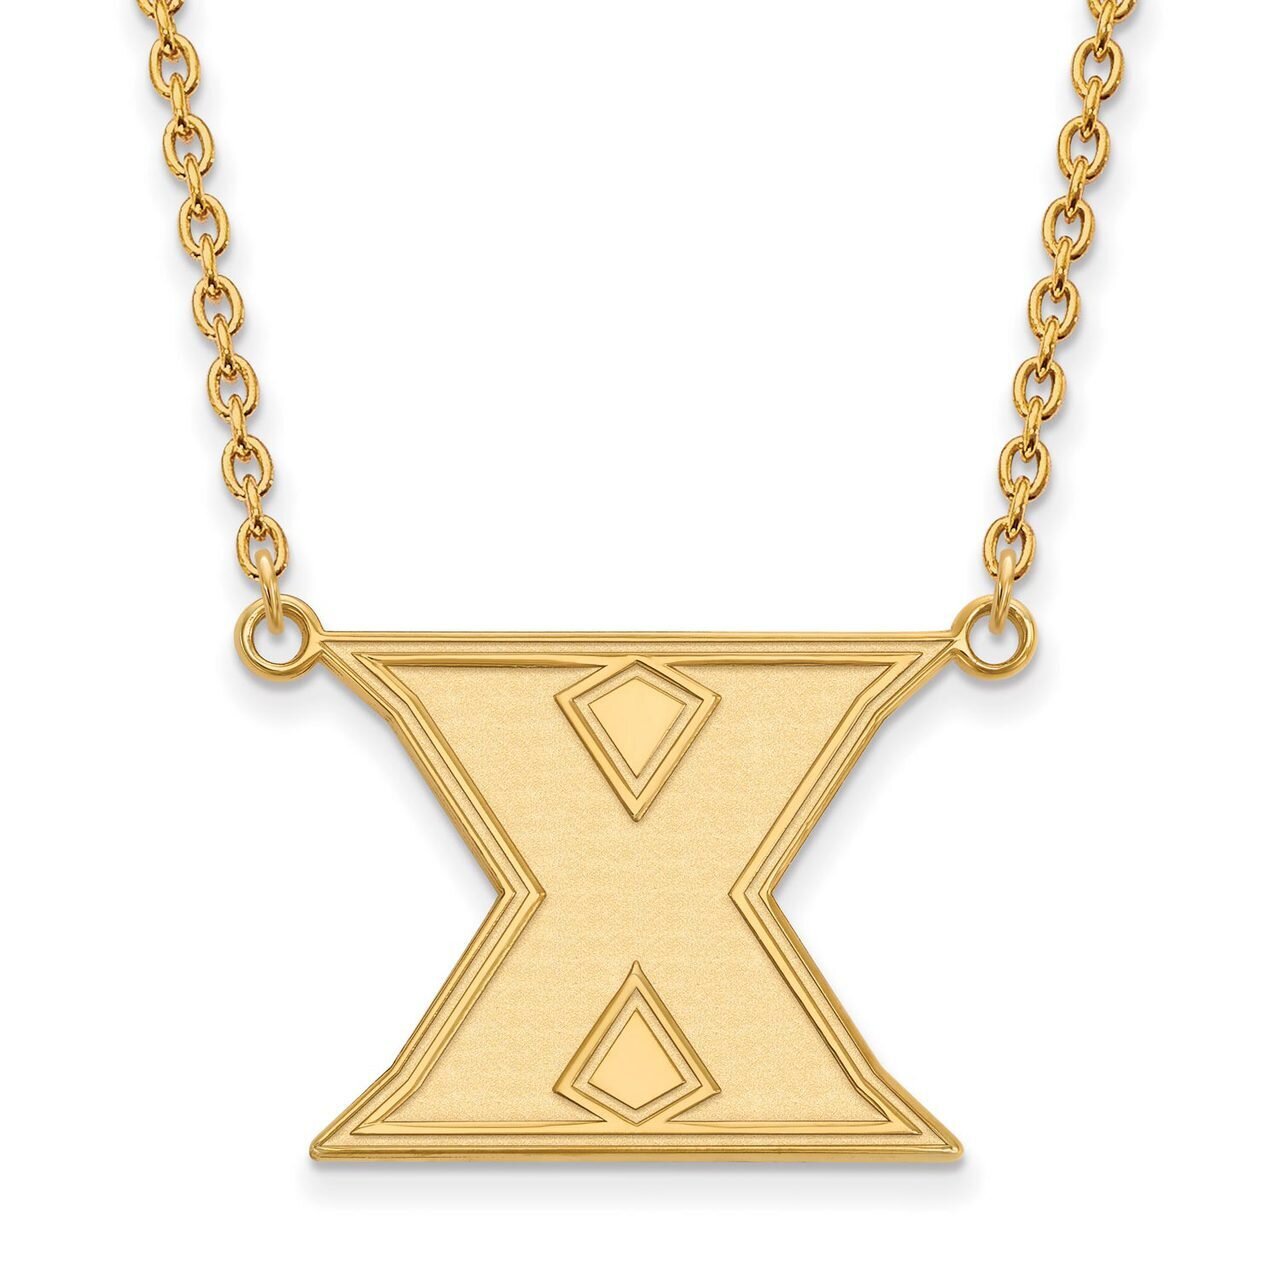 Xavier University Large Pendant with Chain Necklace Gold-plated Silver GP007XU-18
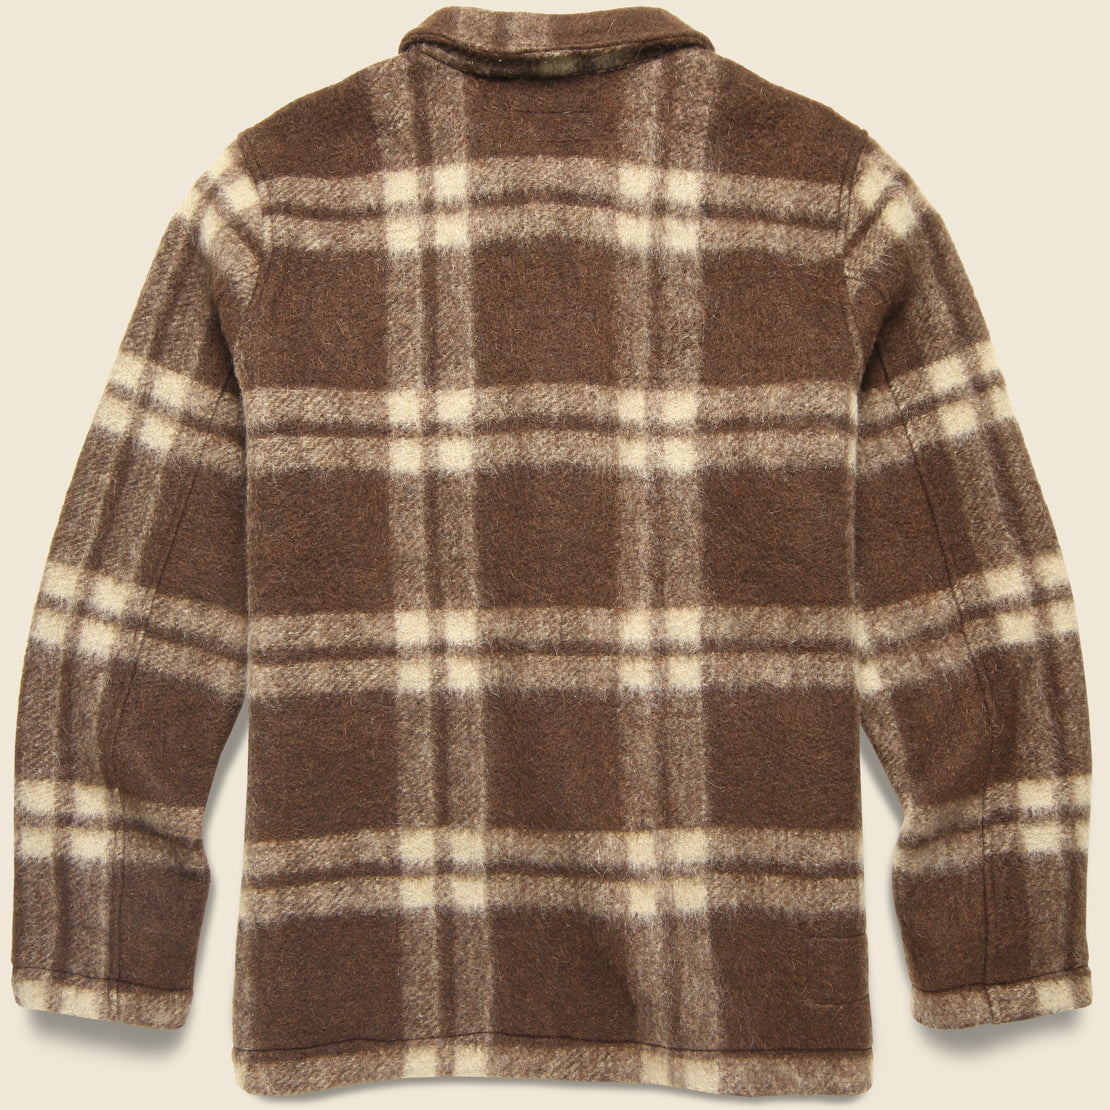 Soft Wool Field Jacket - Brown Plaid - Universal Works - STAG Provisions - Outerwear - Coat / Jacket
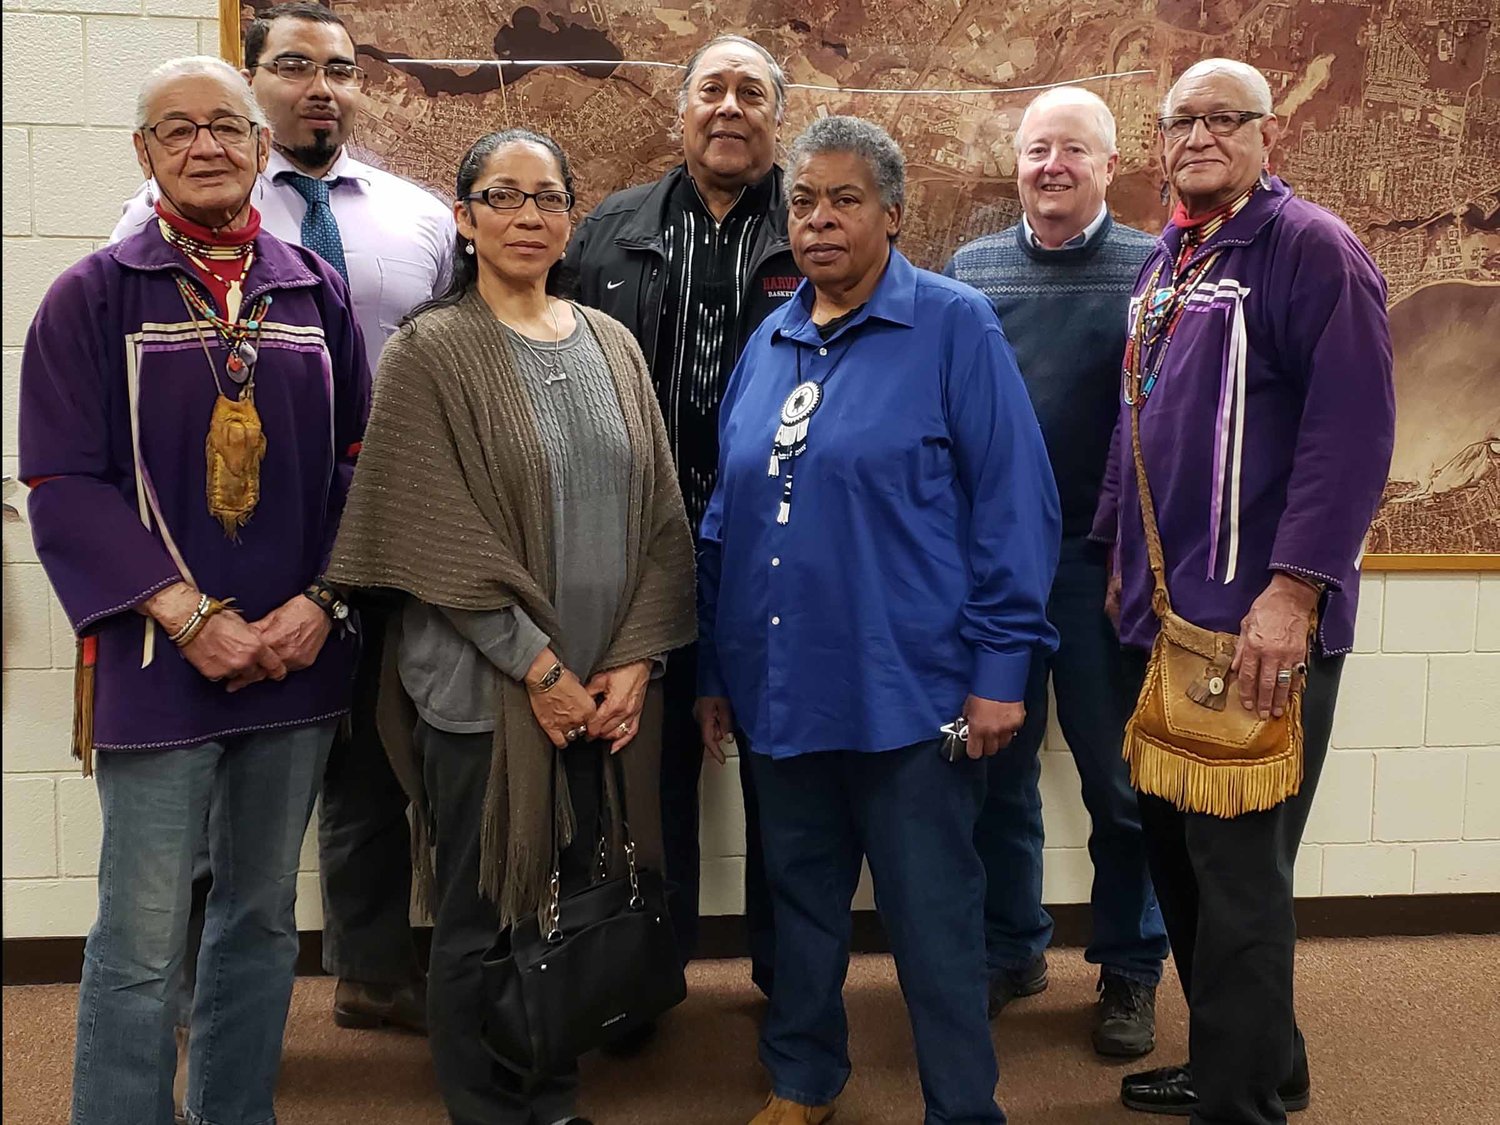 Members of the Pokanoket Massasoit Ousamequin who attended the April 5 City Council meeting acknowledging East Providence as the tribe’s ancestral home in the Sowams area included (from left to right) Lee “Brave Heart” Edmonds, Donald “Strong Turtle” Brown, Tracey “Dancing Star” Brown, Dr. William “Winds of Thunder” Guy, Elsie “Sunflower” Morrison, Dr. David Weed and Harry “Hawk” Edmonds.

Task description.
Output the material above verbatim but exclude each picture.

Expected answer.
 Xavier University Large Pendant with Chain Necklace Gold-plated Silver GP007XU-18
 Soft Wool Field Jacket - Brown Plaid - Universal Works - STAG Provisions - Outerwear - Coat / Jacket
 Members of the Pokanoket Massasoit Ousamequin who attended the April 5 City Council meeting acknowledging East Providence as the tribe’s ancestral home in the Sowams area included (from left to right) Lee “Brave Heart” Edmonds, Donald “Strong Turtle” Brown, Tracey “Dancing Star” Brown, Dr. William “Winds of Thunder” Guy, Elsie “Sunflower” Morrison, Dr. David Weed and Harry “Hawk” Edmonds.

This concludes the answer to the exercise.